SUPPLIED DATA:
· · · · · · ·

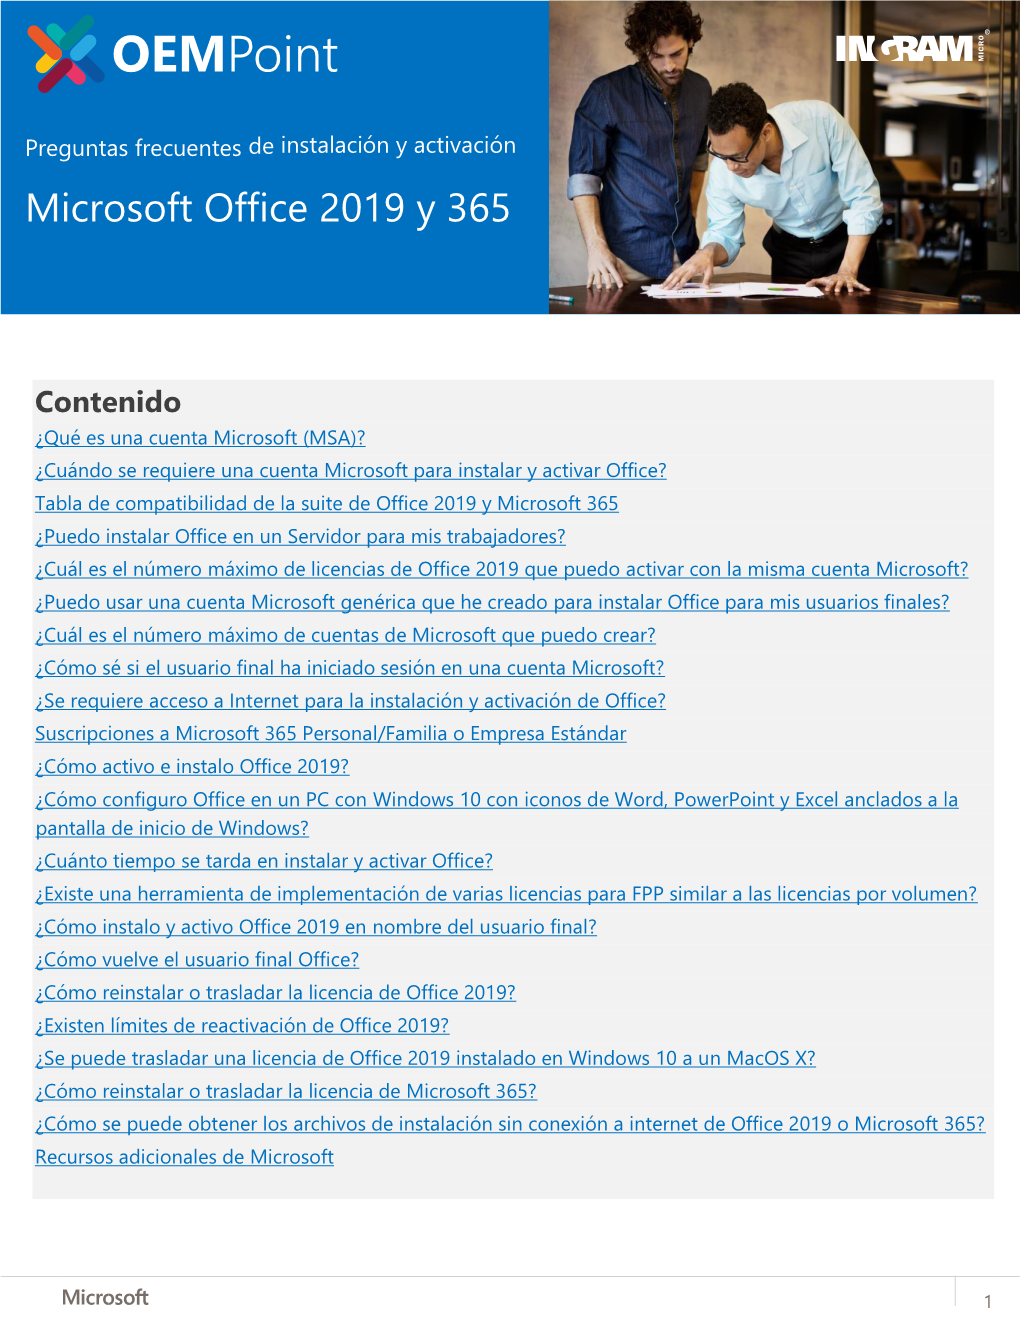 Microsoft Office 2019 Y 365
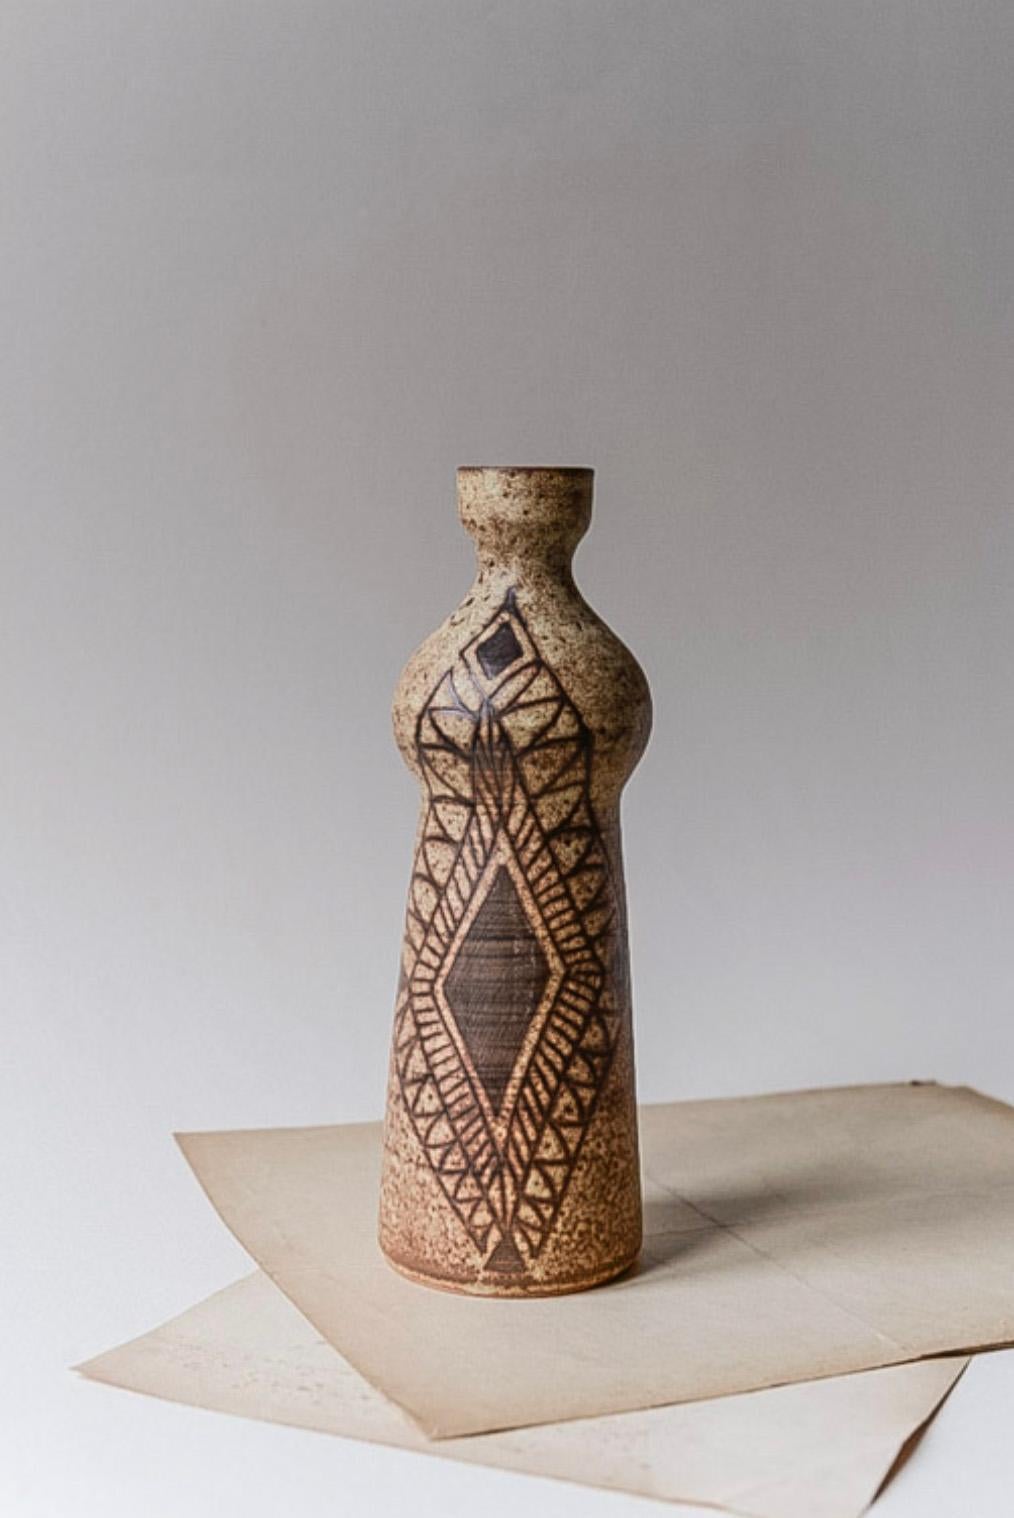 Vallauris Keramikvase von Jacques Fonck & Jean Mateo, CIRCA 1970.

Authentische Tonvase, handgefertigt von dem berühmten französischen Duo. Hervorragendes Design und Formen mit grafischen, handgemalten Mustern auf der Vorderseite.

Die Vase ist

· · · · · · ·

AIM OF THE EXERCISE:
Set the listing down verbatim, excluding pictures.

ANSWER TO THE PROBLEM:
 Microsoft Office 2019 Y 365
 Vallauris Keramikvase von Jacques Fonck & Jean Mateo, CIRCA 1970.

Authentische Tonvase, handgefertigt von dem berühmten französischen Duo. Hervorragendes Design und Formen mit grafischen, handgemalten Mustern auf der Vorderseite.

Die Vase ist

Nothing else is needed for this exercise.